Read the Damn Manual
Lately, I've seen people acting like reading documentation is some kind of heroic sacrifice. It's not. It's a basic requirement of the job.
If you're frustrated that you spent four hours reading kernel documentation just to change one line of config, then you're in the wrong business. That "lost" time is actually the only time you were doing something valuable. Now you actually understand the system. You own that knowledge. You're not just renting it.
Comprehension is the Only Metric
We have all these useless charts—velocity, burndown, whatever. They're all distractions.
The only metric that matters is Comprehension.

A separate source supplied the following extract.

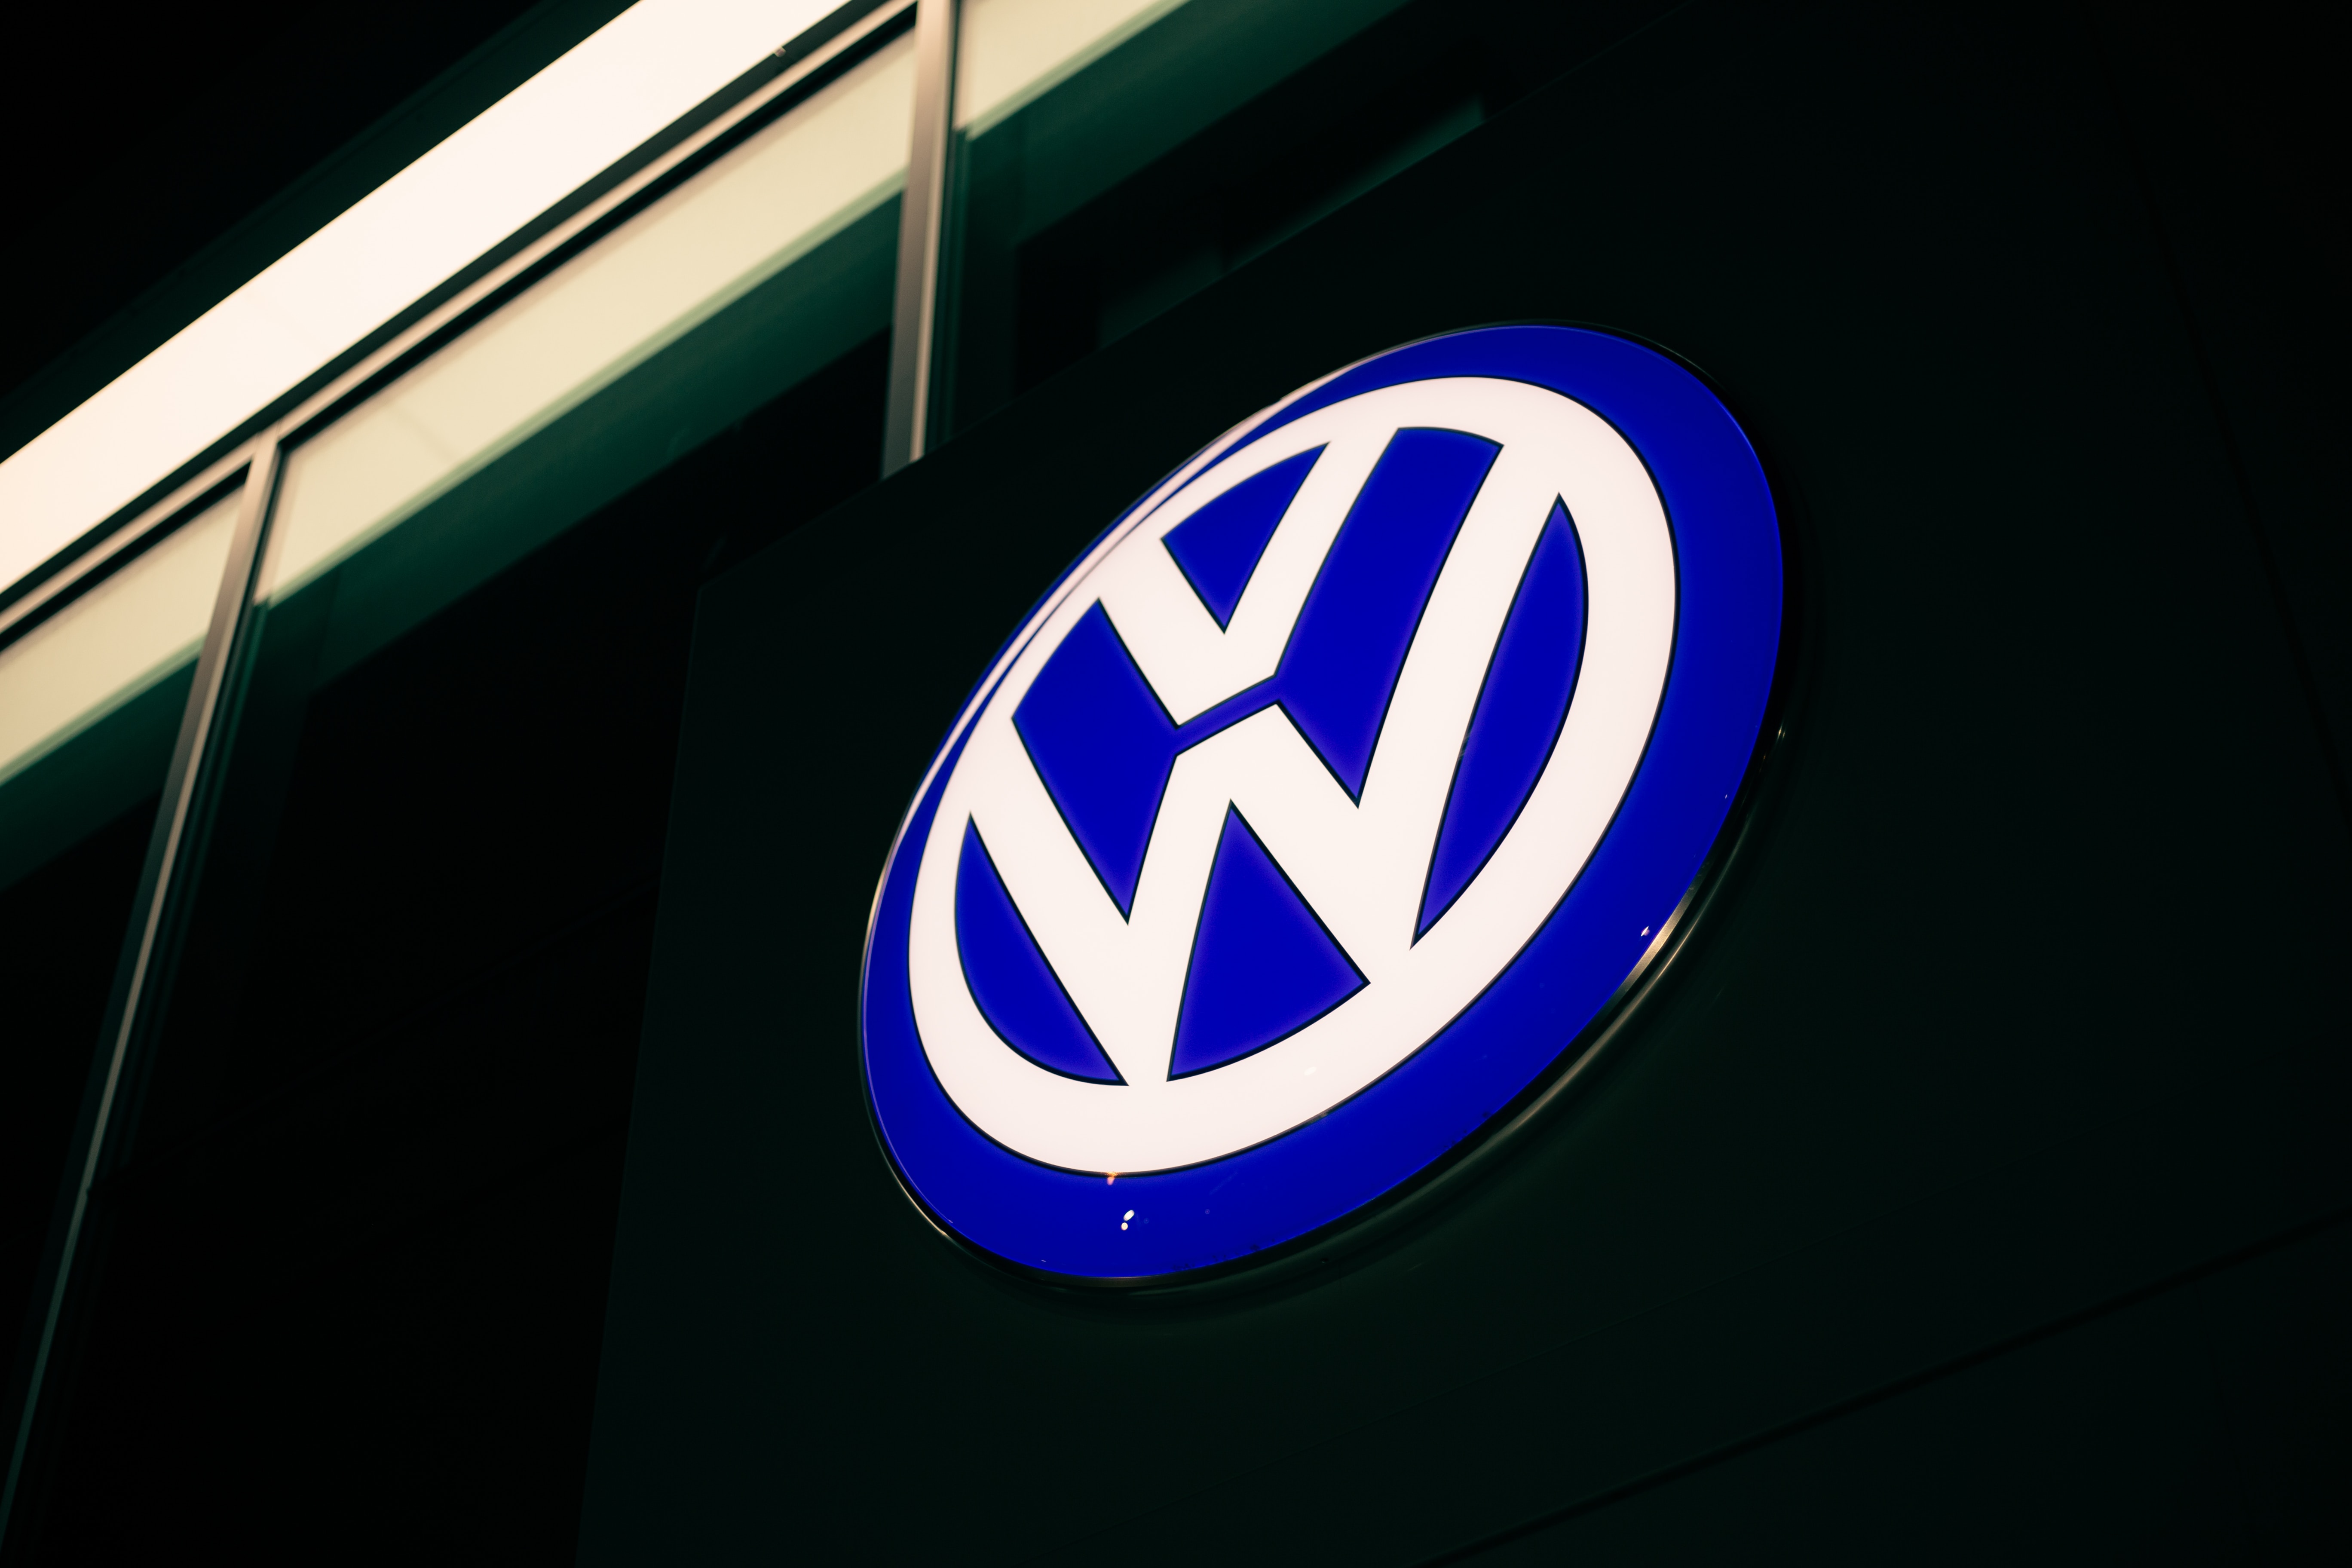 Volkswagen's challenges in Germany do not endanger production in Slovakia

If the internet went down tomorrow and you couldn't explain how your authentication flow actually works at a low level, you aren't an engineer. You're just falling forward and hoping you don't hit the ground too hard.
The Bottom Line
I'm not saying you should spend your life contemplating every if statement. But stop pretending that "shipping fast" is an excuse for being incompetent.
Read the source code. Understand the libraries you use. If you don't have time to do it right, you definitely don't have time to do it twice.
The world won't end if you ship on Wednesday instead of Tuesday. But it might actually be better software if you do.